* _ACTION ITEM_:
Everything in the listing below from the line containing "PRS-778S型变压器成套" through the line containing "Setup a VPN on Router" must be repeated exactly; the remaining lines are not wanted.

* _SUPPLIED INFORMATION_:
▬▬▬▬▬▬

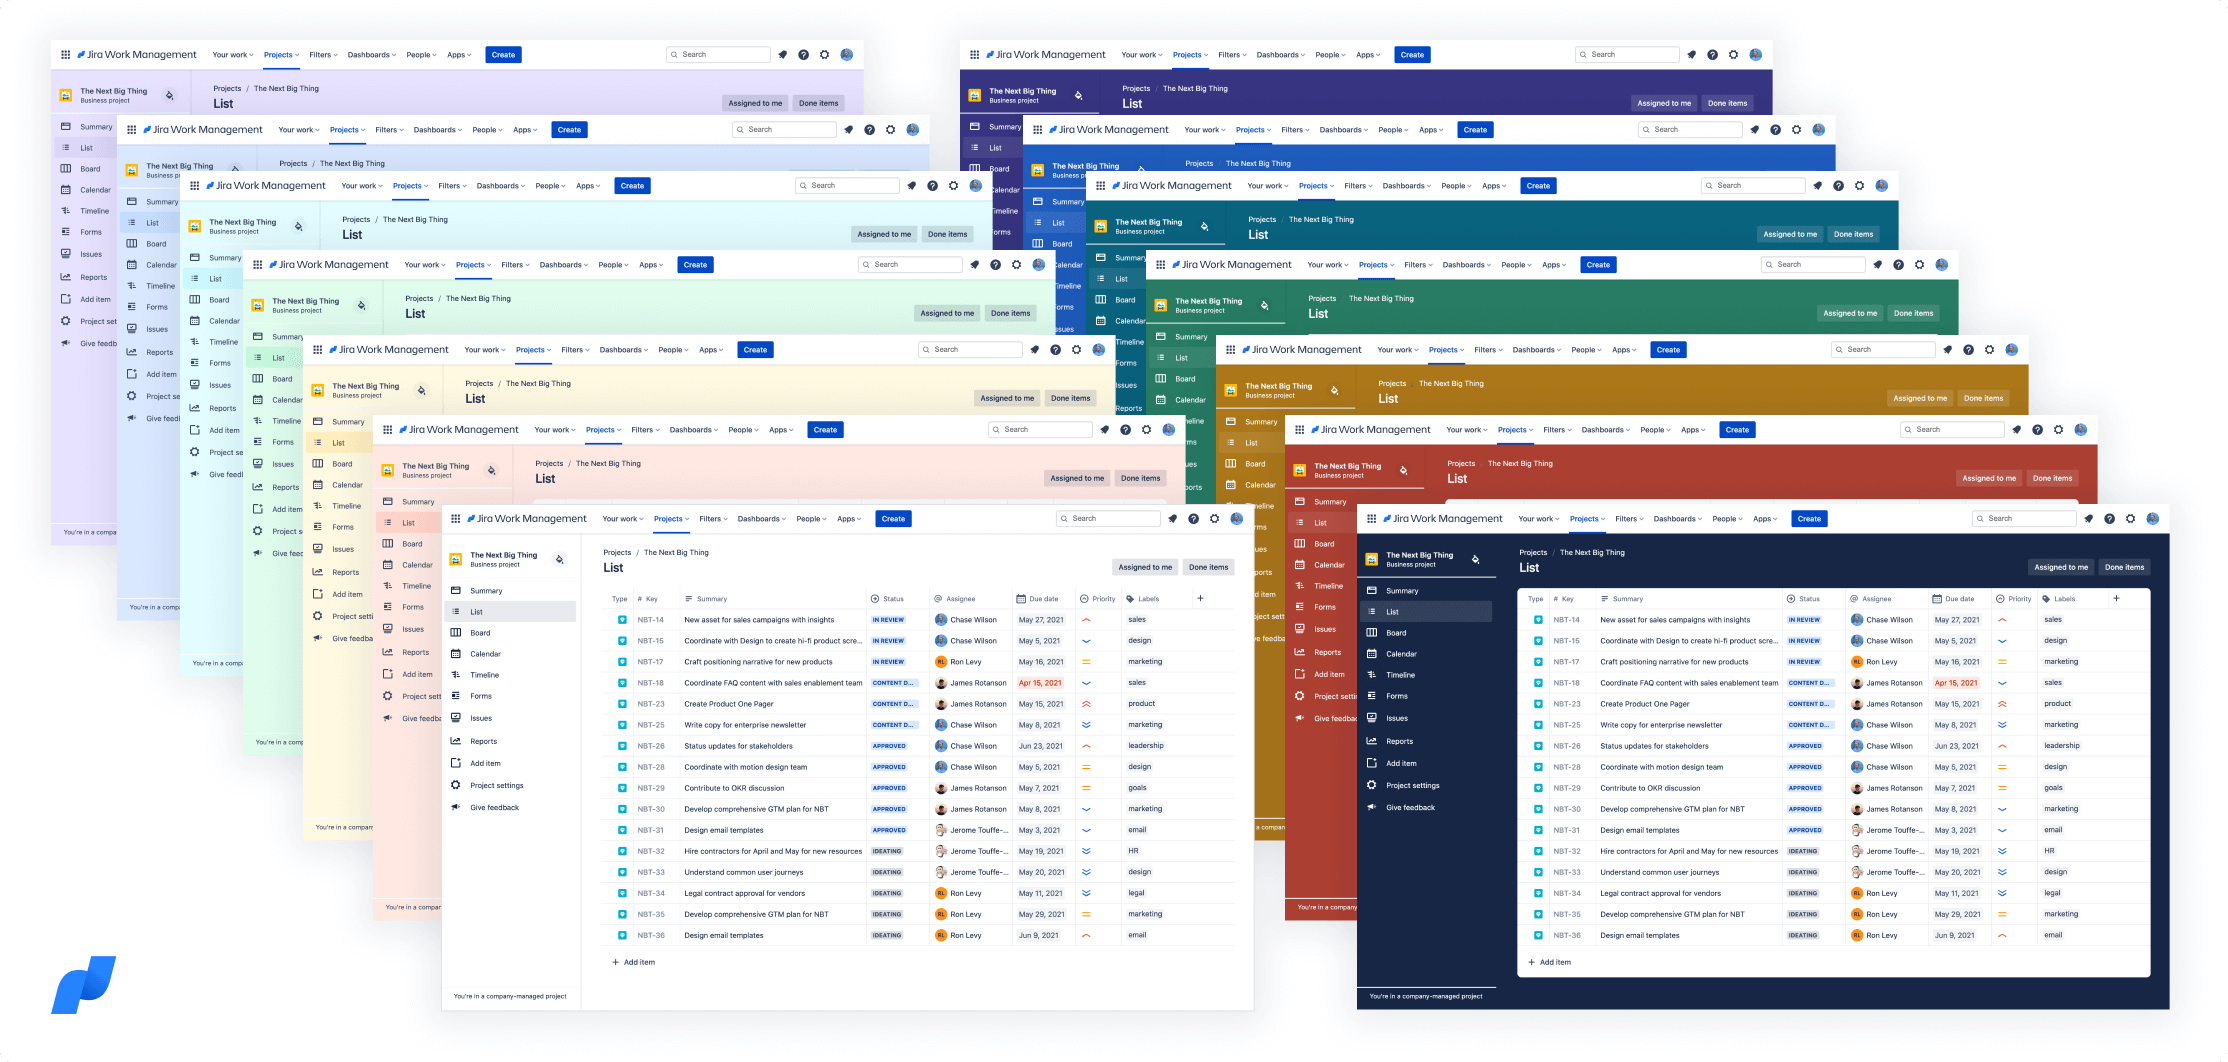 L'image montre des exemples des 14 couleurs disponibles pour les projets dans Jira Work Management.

▬▬▬▬▬▬

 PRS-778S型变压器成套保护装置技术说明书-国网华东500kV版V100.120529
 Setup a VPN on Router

▬▬▬▬▬▬

* _TASK RESULT_:
 PRS-778S型变压器成套保护装置技术说明书-国网华东500kV版V100.120529
 Setup a VPN on Router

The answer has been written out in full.